Central Huijin to issue RMB187.5 bonds
Earnings of sovereign wealth fund’s first bond sale to be used for Export-Import Bank of China.
Central Huijin Investment Co., the state company that controls China’s biggest banks, plans to sell 187.5 billion yuan ($28 billion) of bonds to bolster its stakes in the lenders.
The domestic arm of the nation’s sovereign wealth fund, China Investment Corp., will sell 40 billion yuan in the first portion Aug. 24 on the interbank market, it said in a statement on Thursday on the website of Chinabond, the official clearinghouse.
The money will be used for Export-Import Bank of China, which provides trade financing on behalf of the government, and China Export and Credit Insurance Corp., known as Sinosure. Huijin will also participate in the rights offerings of China’s three largest banks, Industrial & Commercial Bank of China Ltd., China Construction Bank Corp. and Bank of China Ltd. They have announced plans to raise as much as 180 billion yuan through rights offers.

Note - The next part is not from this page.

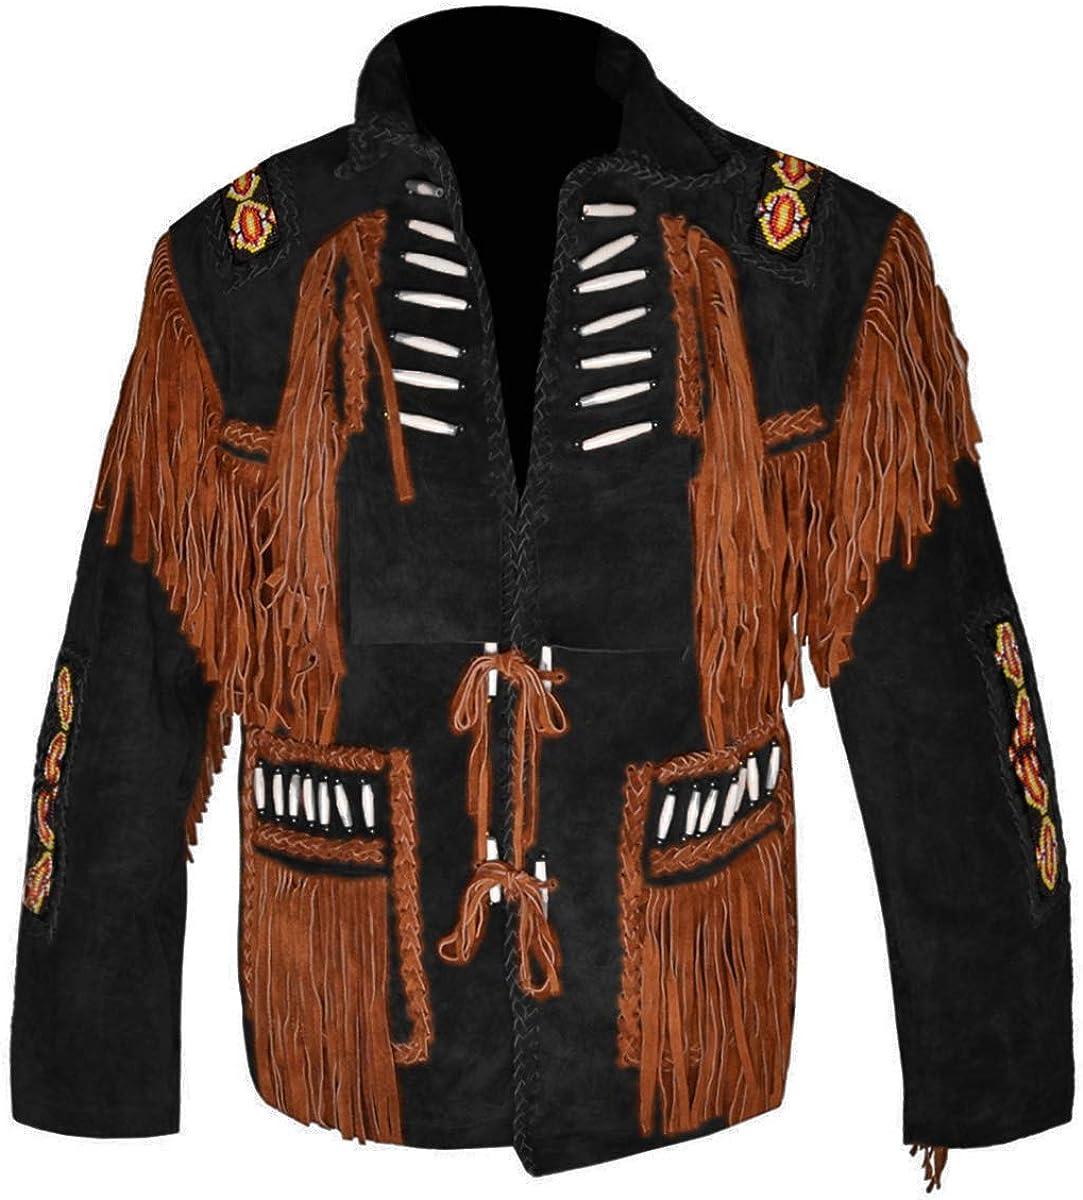 MSHC Western Cowboy Mens Bone /& Fringed Suede Leather Jacket D4 XXS-5XL Brown RED Blue Black

Selling bonds is a first for Huijin, which was set up in 2003 and used the nation’s currency reserves to prop up ICBC and Bank of China.
The first tranche will consist of 20 billion yuan in seven- year fixed-rate notes and 20 billion yuan in 20-year fixed-rate bonds, Huijin said. It has the option to increase the total amount by 14 billion yuan, including up to 6 billion yuan in the seven-year notes, and 8 billion yuan in the longer-dated debt.